_SUPPLIED DATA_.
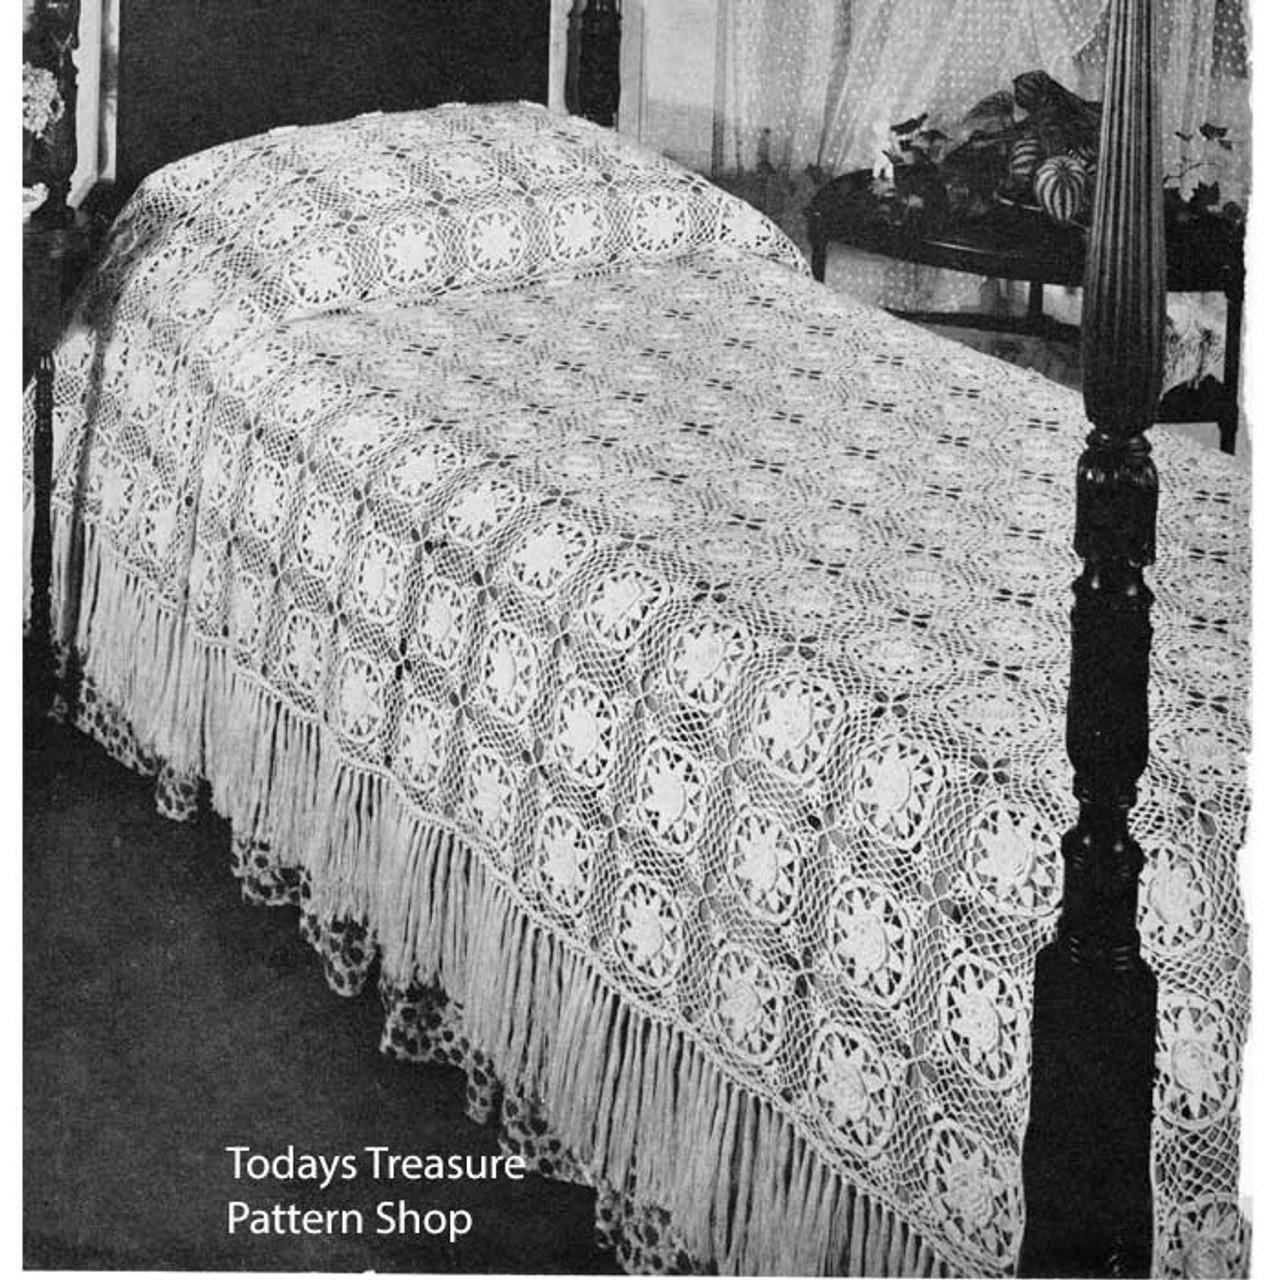 Vintage Louisiana Bayou Crocheted Bedspread Pattern from Ameerican Thread
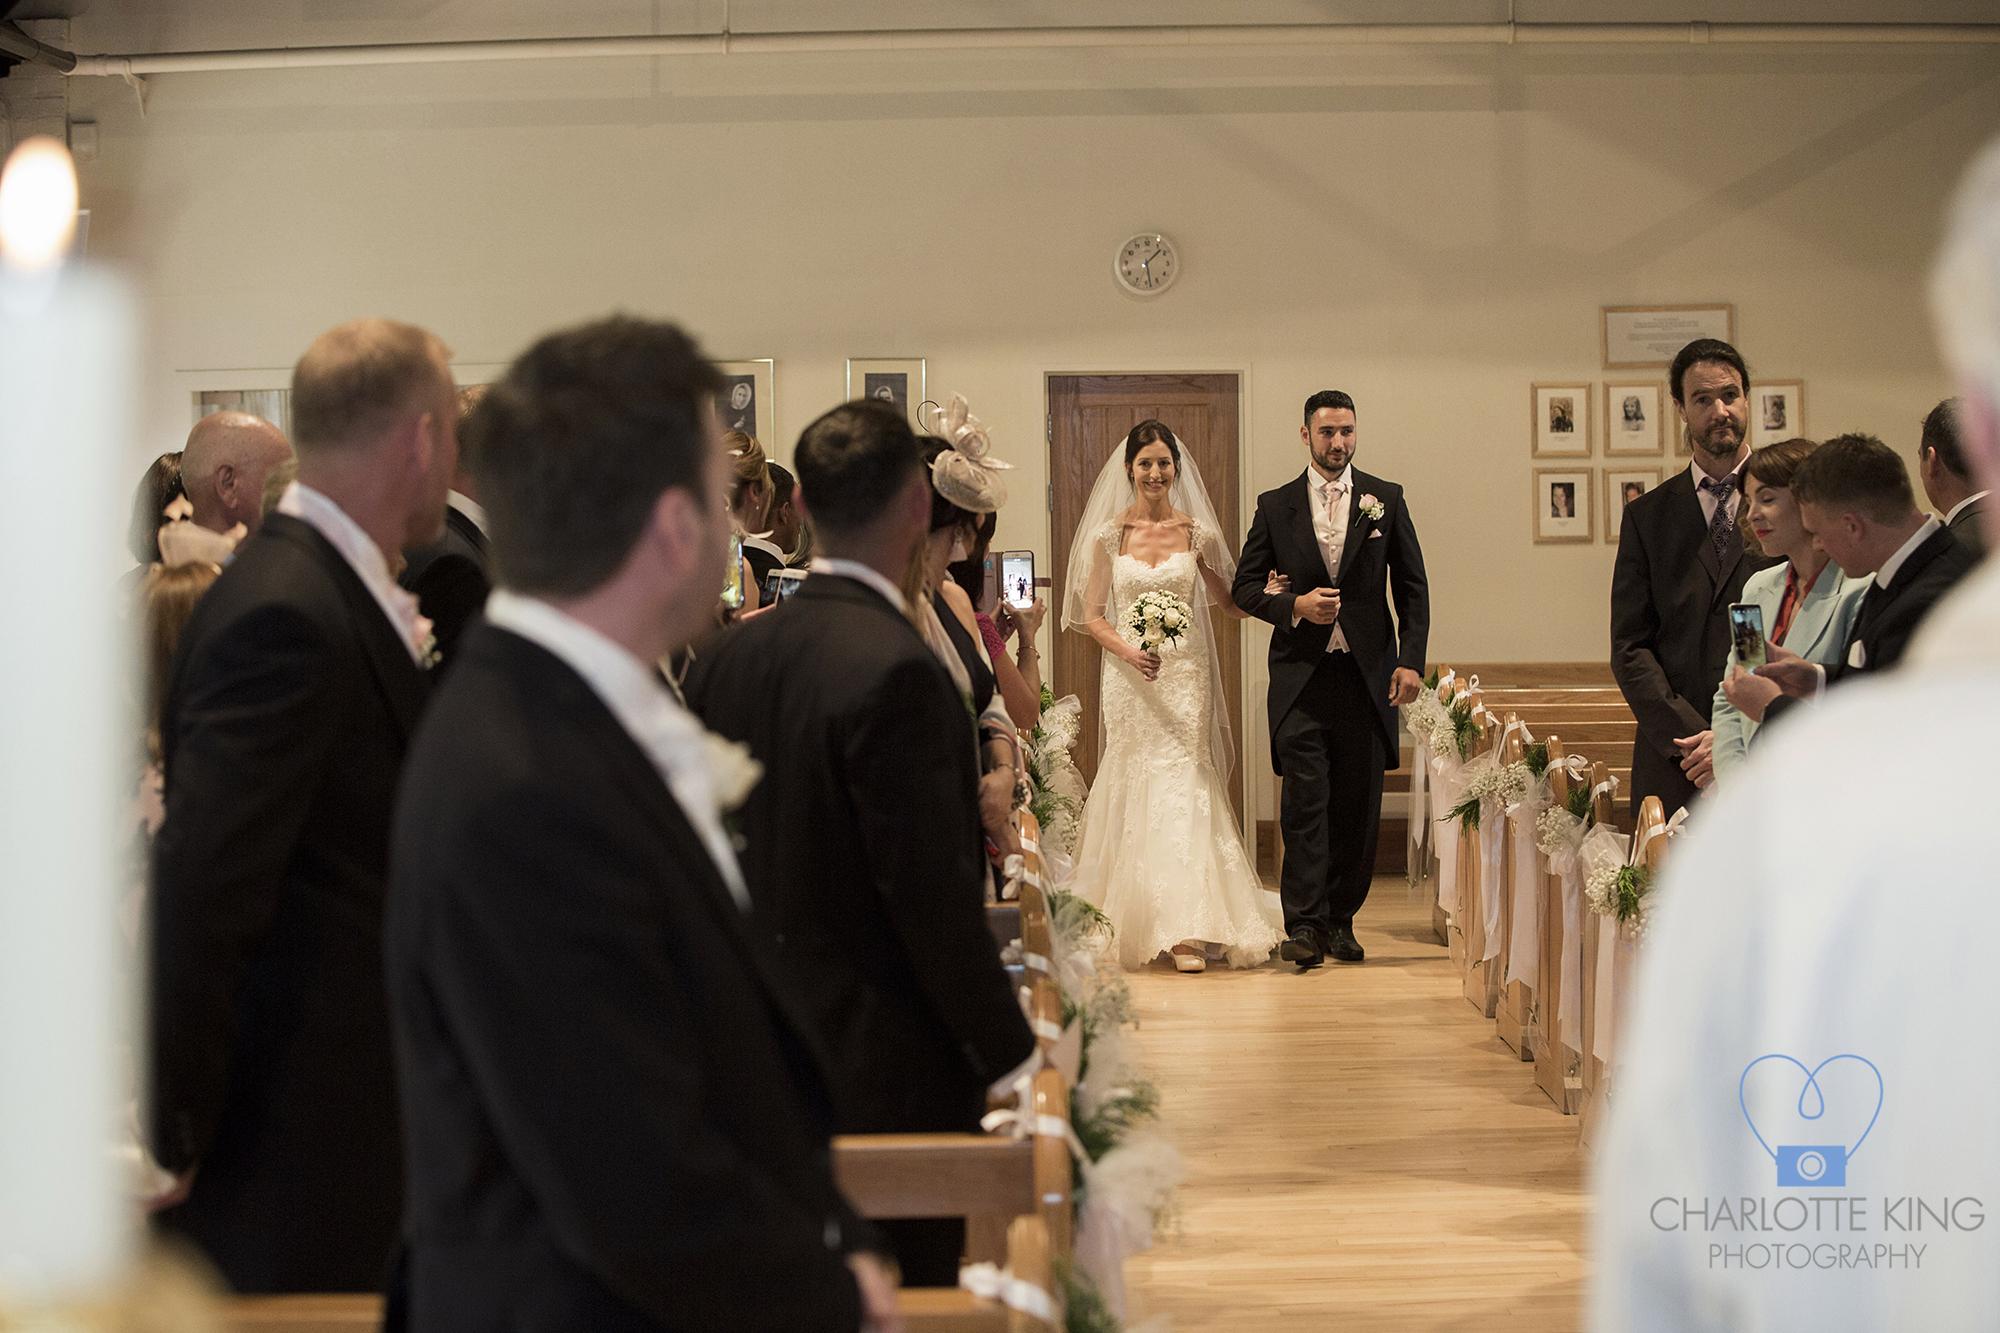 Woldingham-school-wedding-charlotte-king-photography (43)
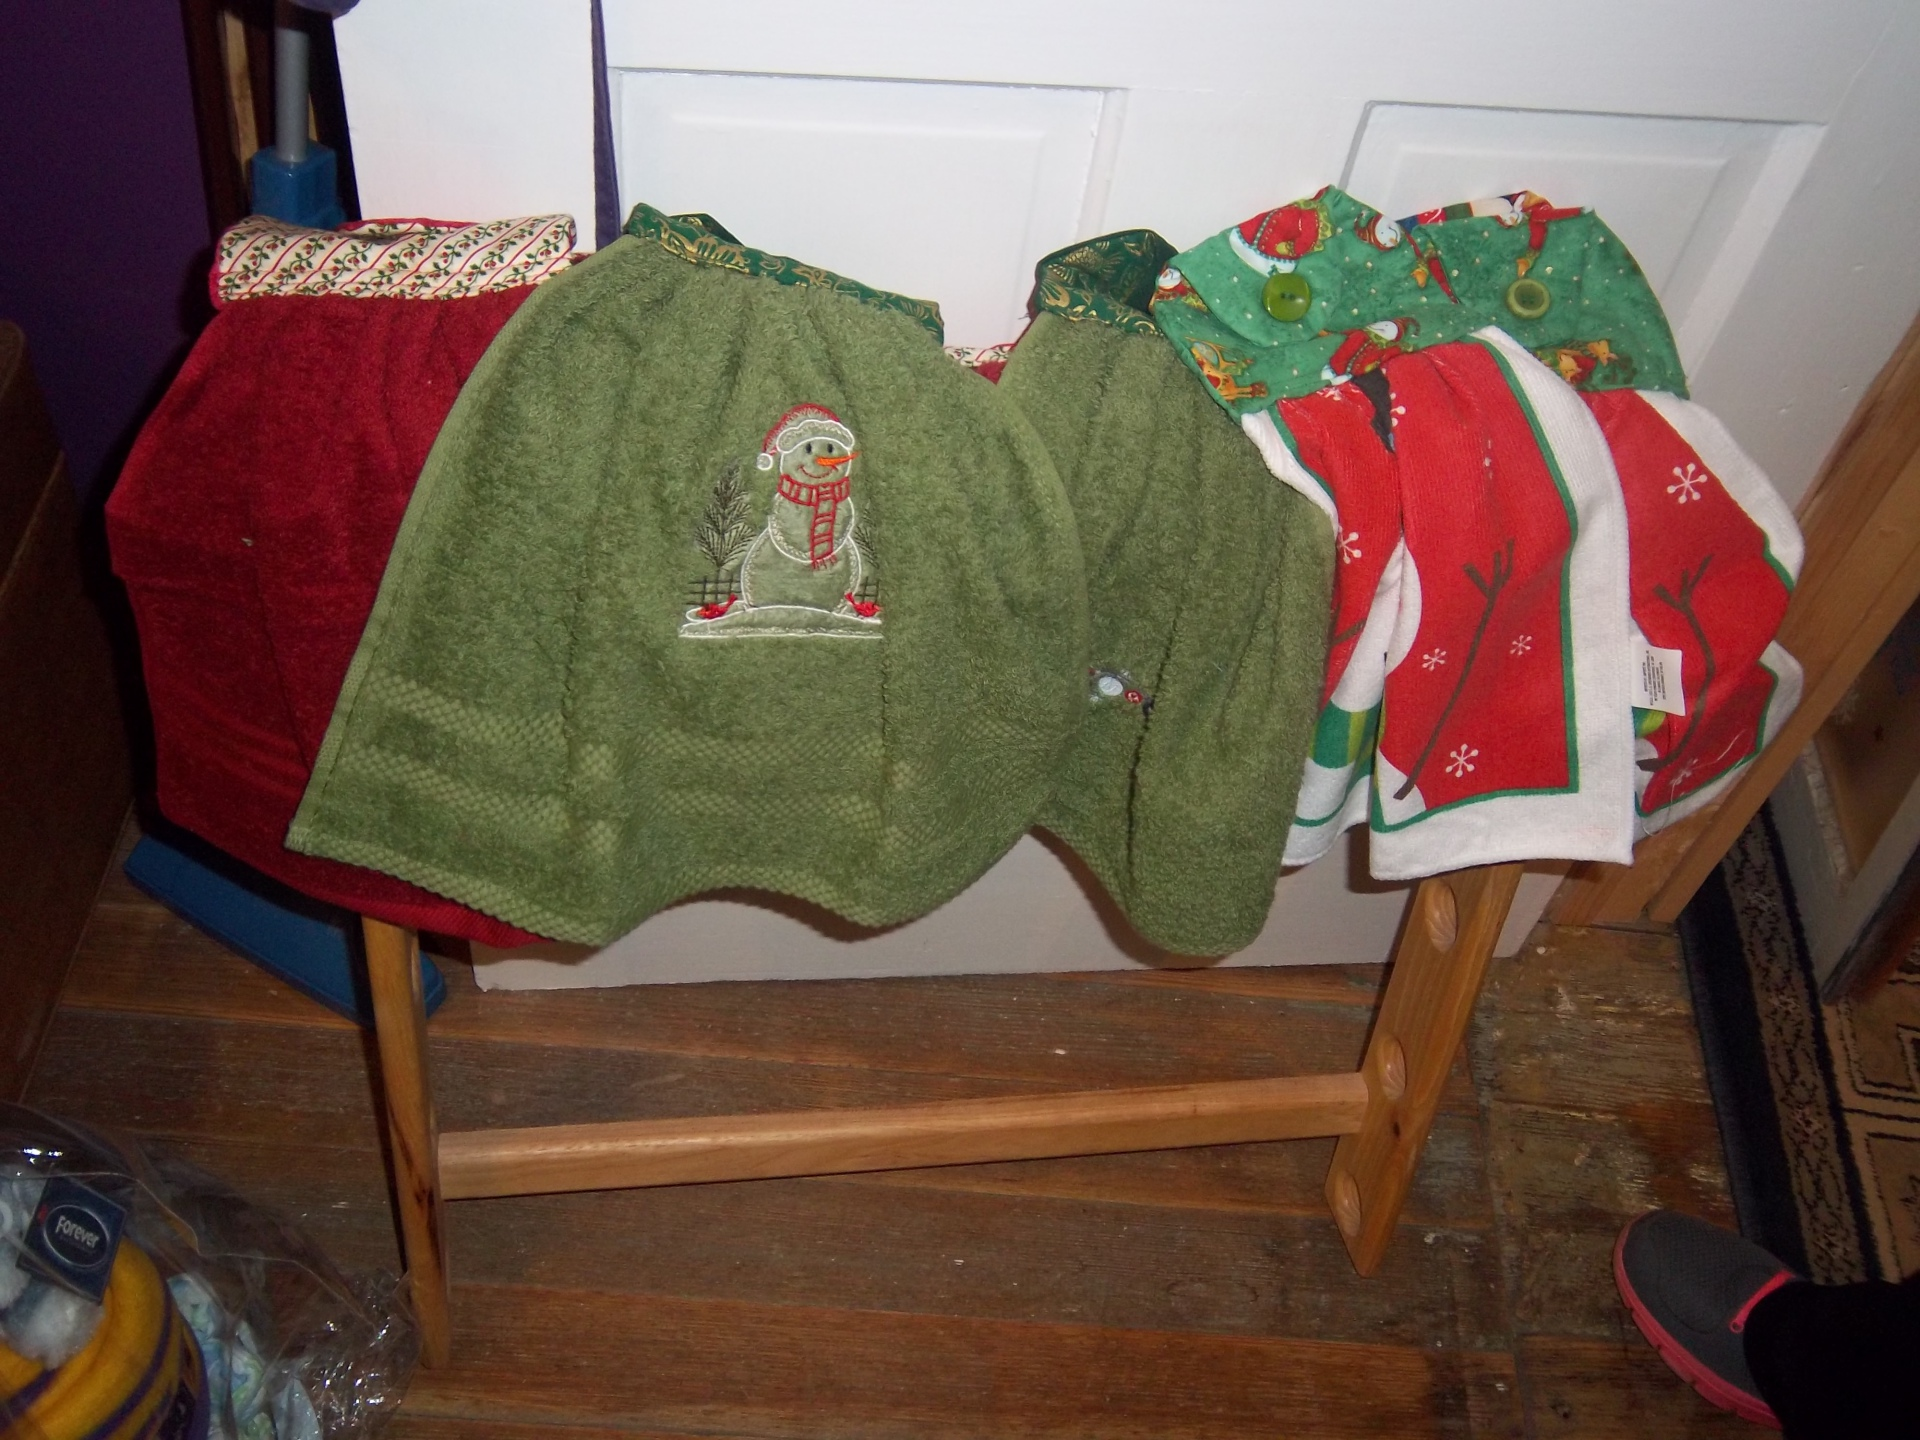 Kitchen Towels $6.50/Each

_TASK OBJECTIVE_. Would you give the data above again word for word, skipping any images?

_EXERCISE OUTPUT_.
 Vintage Louisiana Bayou Crocheted Bedspread Pattern from Ameerican Thread
 Woldingham-school-wedding-charlotte-king-photography (43)
 Kitchen Towels $6.50/Each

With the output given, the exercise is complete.